Why are my Non-Religious Parents Against my Marrying a Non-Jew?



Rabbi, I am not asking for a sermon - I get enough of them from my parents. I am asking for an explanation.

I am seriously dating a girl who is everything I ever dreamed of. She is smart, pretty, funny...definitely marriage material. But - you guessed it - she isn't Jewish. My parents have refused to even meet her and have told me that if we get married they won't come to the wedding. My grandmother is beside herself.

My question is: my parents aren't religious, we never kept kosher or any of the festivals. There was nothing very Jewish about our home. Why all of a sudden are they so Jewish when it comes to who I marry? Isn't that totally hypocritical? When I ask them this they just answer, "This is different", but that makes no sense to me. Why is this different?


That is not just the question of the week; that's the question of the generation: Why does intermarriage touch a nerve in so many people more than any other Jewish issue?

Your frustration is well-founded. It is unreasonable of your parents to expect Judaism to be important to you if it never seemed important to them. What's more, they can't explain to you why they feel the way they do. They probably can't even explain it to themselves. But I have a theory.

There is a profound truth that somehow our parents learnt subconsciously from their parents, and that is: Jewishness is who you are, not what you do.

There is no such thing as one Jew who is more Jewish than another.
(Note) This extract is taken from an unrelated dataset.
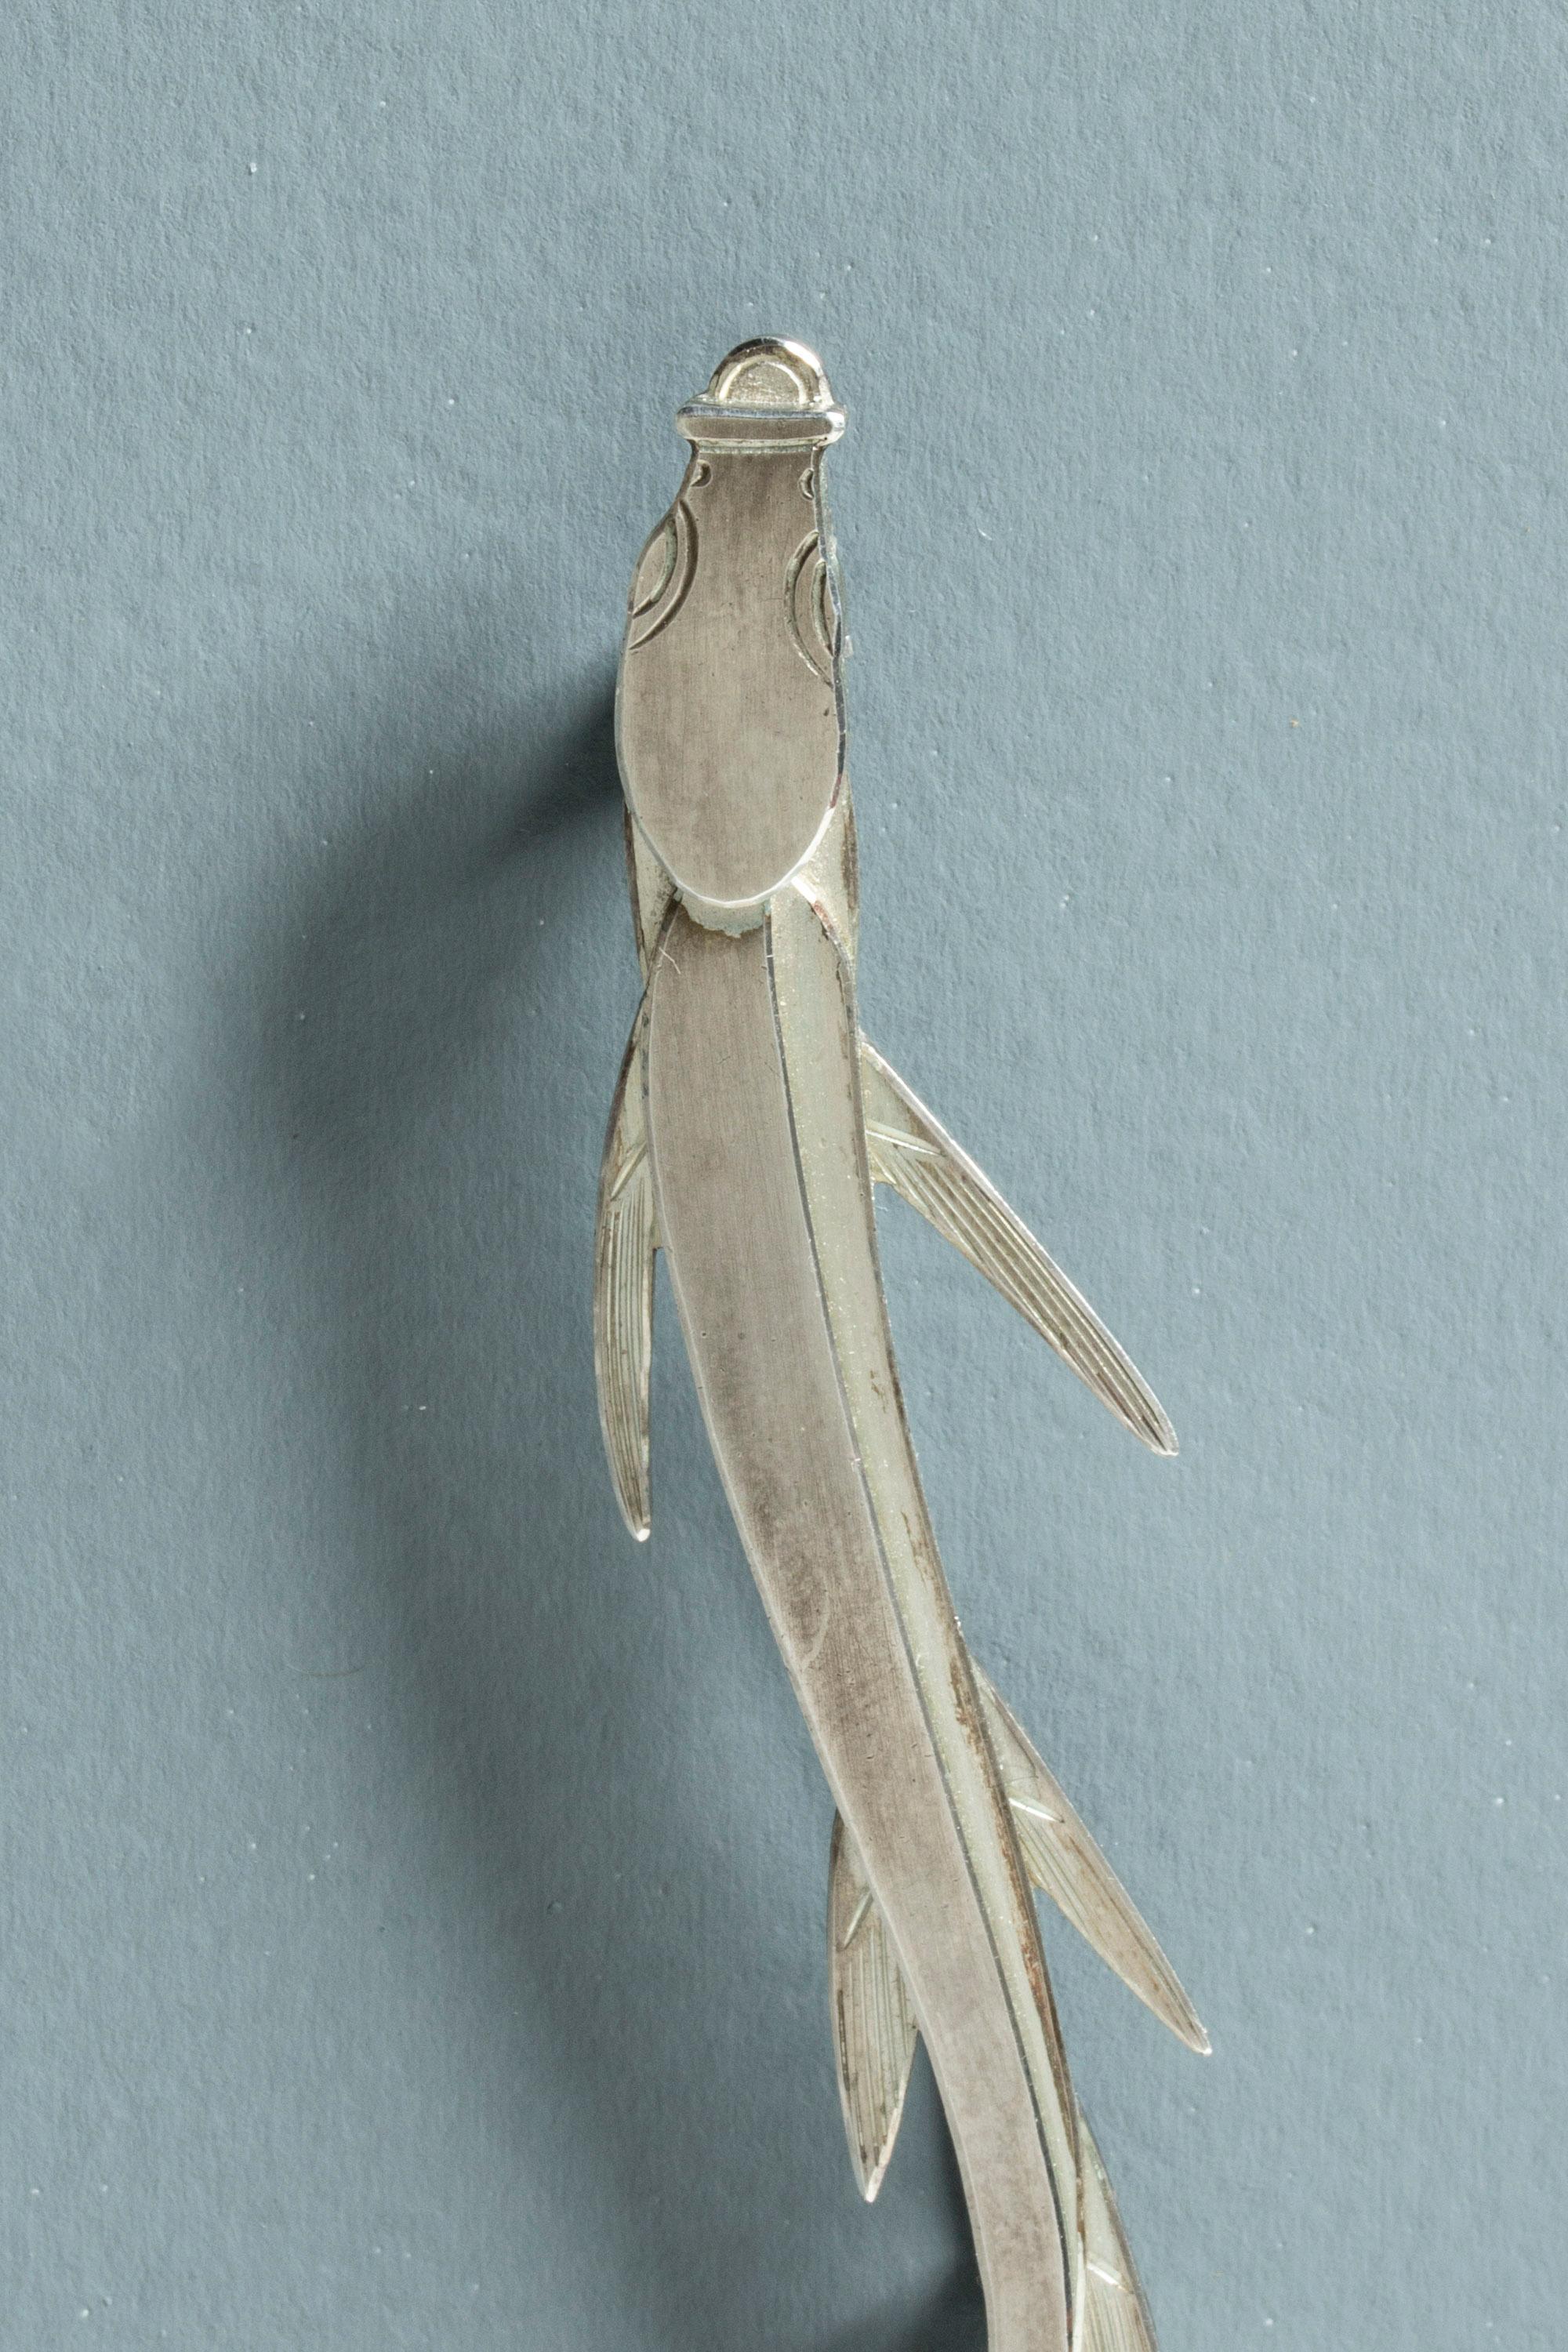 Silver Fish Brooch by Wiwen Nilsson, Sweden, 1965 3

Whether you practice Jewish customs or not, keep the festivals or not, live in Israel or not, eat chopped liver or not, a Jew is a Jew is a Jew. Jewishness is an irreversible status that is not defined by how you live your life.

A Jew may be sitting in a church eating bacon on Yom Kippur dressed up as Santa Claus, but he's still 100% Jewish. Is he a good Jew? A faithful Jew? A proud Jew? G-d knows. But a Jew he remains. Because Jewishness isn't something you do; it's something you are. Nothing you do can affect who you are.

Nothing, that is, with one exception: whom you marry.

The person you marry becomes a part of who you are. Getting married is not a hobby or a career move; it is making someone else a part of your identity, and becoming a part of theirs. Your spouse fills a void in your very being, and you fill the void in them. So marriage, like Jewishness, is not something you do, it is something you are.

There is nothing wrong with non-Jews. But they aren't Jewish. If you marry a non-Jew, you're still 100% Jewish, but a part of you - your other half - is not. You can be happy together. You can be in love with each other. But there is a part of you that you will never share.

Maybe this is the challenge of our generation: to face the questions of what it means to be in love, what it means to marry, and what it means to be Jewish. And - unlike any generation before us - come up with real answers.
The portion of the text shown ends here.